Database 150 may store data or instructions. In some embodiments, database 150 may store data obtained from server 200 or client 300. In some embodiments, database 150 may store data or instructions that server 200 may perform or for performing the methods of data mining described in this specification. In some embodiments, database 150 may store opinion feedback data for all users. Server 200 and client 300 may have access to database 150, and server 200 and client 300 may access data or instructions stored in database 150 via network 120. In some embodiments, database 150 may be directly connected to server 200 and client 300. In some embodiments, database 150 may be part of server 200. In some embodiments, database 150 may include mass storage, removable storage, volatile read-write memory, read-only memory (ROM), or the like, or any combination thereof. Exemplary mass storage may include non-transitory storage media (non-transitory storage medium) such as magnetic disks, optical disks, solid state drives, and the like. Removable storage may include flash drives, floppy disks, optical disks, memory cards, zip disks, tape, and the like. Typical volatile read-write memory can include Random Access Memory (RAM). The RAM may include Dynamic RAM (DRAM), dual date rate synchronous dynamic RAM (DDR SDRAM), static RAM (SRAM), thyristor RAM (T-RAM), zero capacitance RAM (Z-RAM), and the like. The ROM may include a Mask ROM (MROM), a Programmable ROM (PROM), a virtual programmable ROM (PEROM), an electrically programmable ROM (EEPROM), a compact disk (CD-ROM), a digital versatile disk ROM, and the like. In some embodiments, database 150 may be implemented on a cloud platform. By way of example only, the cloud platform may include a private cloud, public cloud, hybrid cloud, community cloud, distributed cloud, inter-cloud, etc., or a form similar to the above, or any combination of the above.

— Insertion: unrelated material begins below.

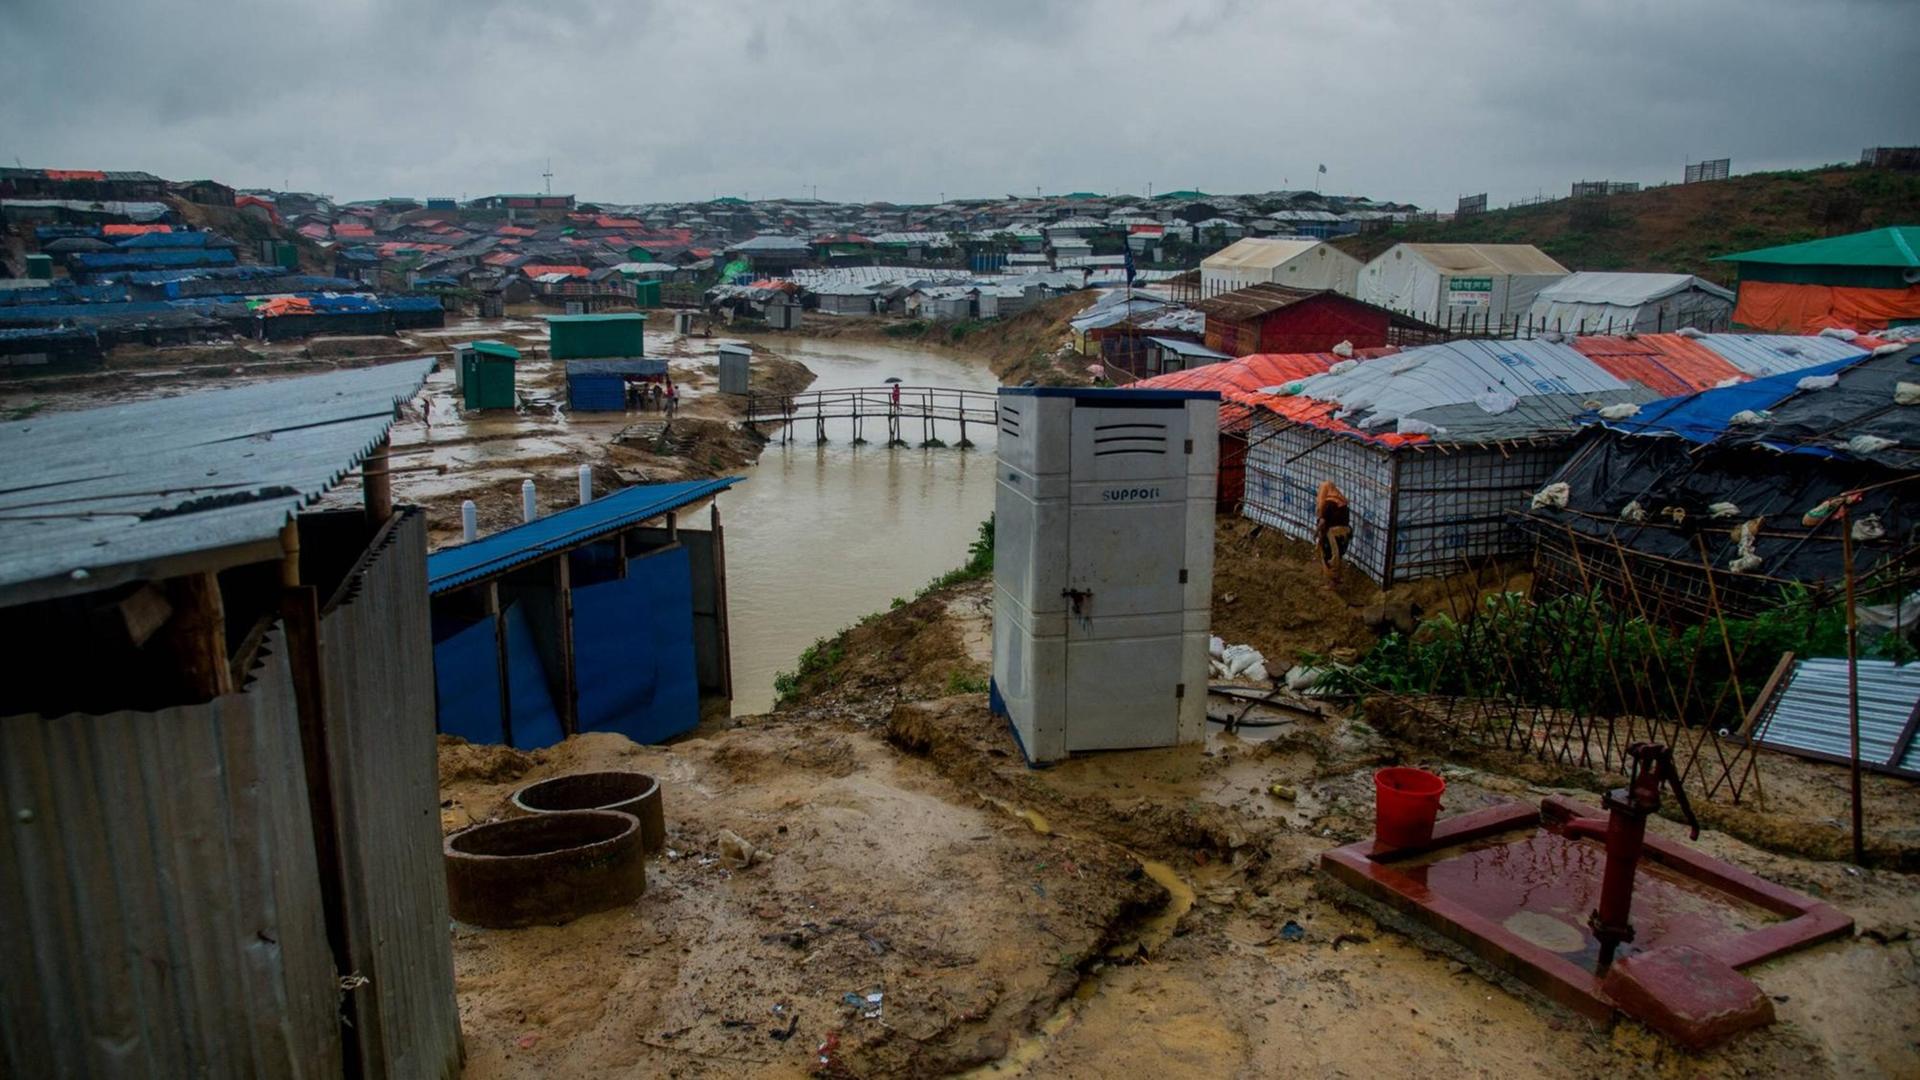 Blick über die aus Planen bestehenden Dächer der Hütten im Flüchtlingslager Kutupalong in Bangladesch im Juni 2018. Durch das Lager läuft ein Fluss, die Erde ist durchnässt und dreckig.

As shown in fig. 1, a user 110 inputs opinion feedback data on the target APP of a client 300, and the opinion feedback data is transmitted to a server 200 through a network 120; the server 200 performs instructions of the method of data mining stored in the server 200 or the database 150, from which common problems as well as high value information are mined. For example, the target APP may be a payment instrument ^TM APP, payment device ^TM User 110 of APP may be able to pay for the treasures ^TM APP Payment device ^TM APP makes comments or advice, or uses payment treasures ^TM Problems are encountered. Payment device ^TM Server 200 mines common problems and clues to solve those problems from the massive data fed back by user 110, thereby helping product managers to solve the common complaints of the users in the most appropriate way.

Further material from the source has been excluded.